As is often the case, the awakened left has taken an innocent concept like platonic male friendship and perverted it. In their eyes, male relationships cannot be non-sexual, and every interaction between two men has some form of homosexual undertone. The negative impact of this hypersexualized mindset on the mental and emotional health of young men cannot be overstated.

According to American Foundation for Suicide Prevention, men are almost four times more likely to kill themselves than women.

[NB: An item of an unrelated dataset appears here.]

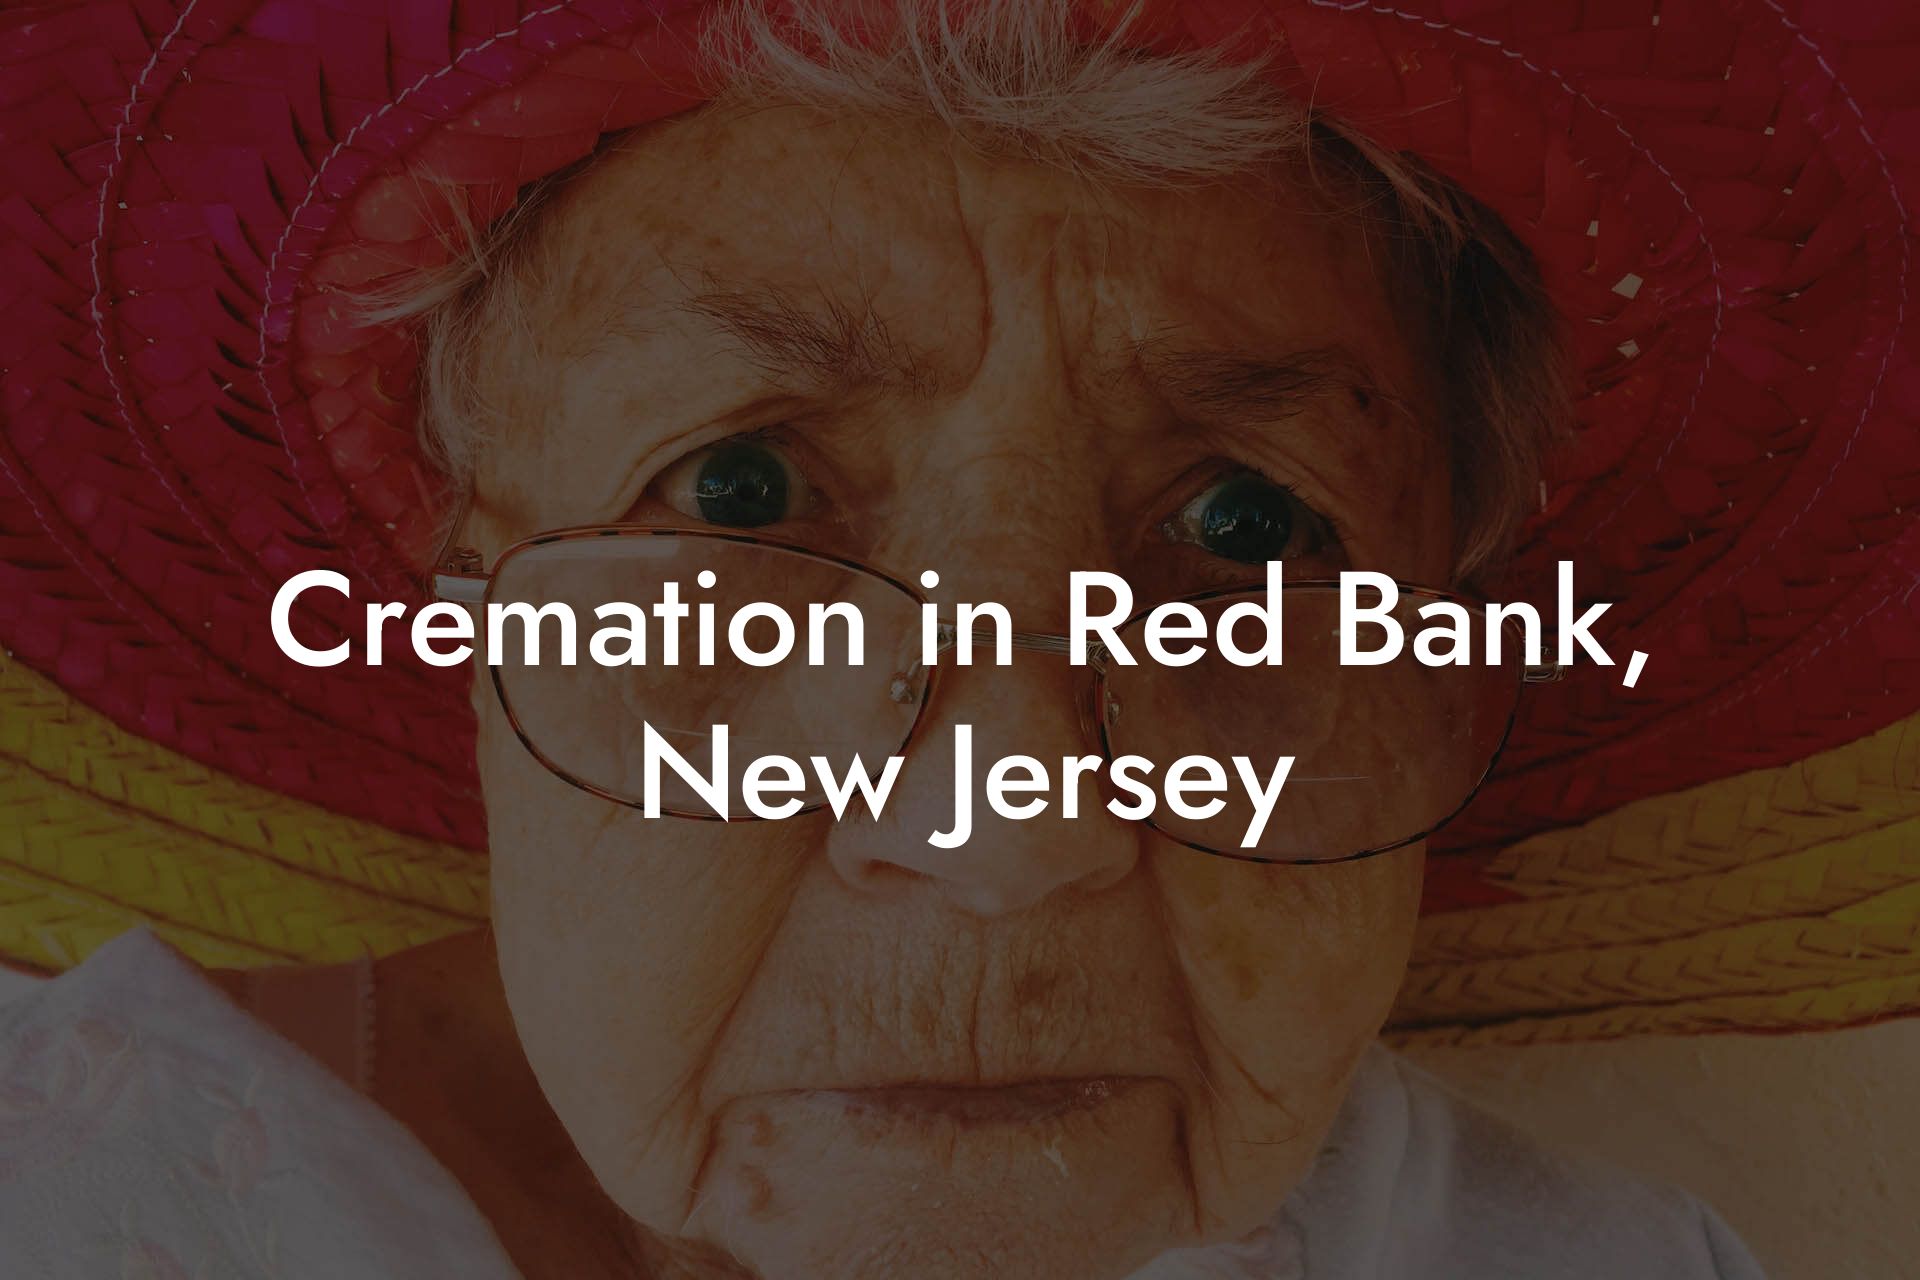 Cremation in Red Bank, New Jersey

Such a reason because it is because young men are taught that it is not manly to confide in other men, to be vulnerable and to express emotions.

The left calls this inability of men to express themselves “toxic masculinity” and claims to be fiercely opposed to it. But by insisting that the only way two men can share a strong bond is romance or sex, it reinforces the same “toxic masculinity” he claims to be against.

On top of that, childhood male friendships are an essential part of a young man’s development. “Luca” director Casarosa describes this feeling beautifully. talk about his childhood friend: “Alberto pushed me out of my comfort zone, and pushed me many cliffs, metaphorically and not. I probably wouldn’t be here if I hadn’t learned to chase my dreams away from him.

There is a form of love here, yes, but it is of a different, non-sexual race.

Men don’t need to be told that the only way to bond deeply with other men is to be gay. Tell them that there is nothing wrong with having deep platonic connections with other men, and that being vulnerable and having emotions with someone does not automatically mean that you are sexually attracted to them. .

You have to tell them that having male friends is an essential part of growing up and becoming an honorable manhood. By all accounts, “Luca” is about this very process.

Author CS Lewis once observed that “those who cannot conceive of friendship as substantial love but only as a disguise or an elaboration of Eros betray the fact that they never had a friend. “.

It is deeply sad that movie critics and waking viewers seem unable to see stories of male friendship without an agenda-tinged lens. This philosophy of homosexuality belittles the importance of male bonds that help transform young men into well-adjusted adults. Now more than ever, growing boys need to be told that they can and should have close platonic relationships with their peers.

So it’s good that films like “Luca” revel in these deep and powerful bonds of friendship.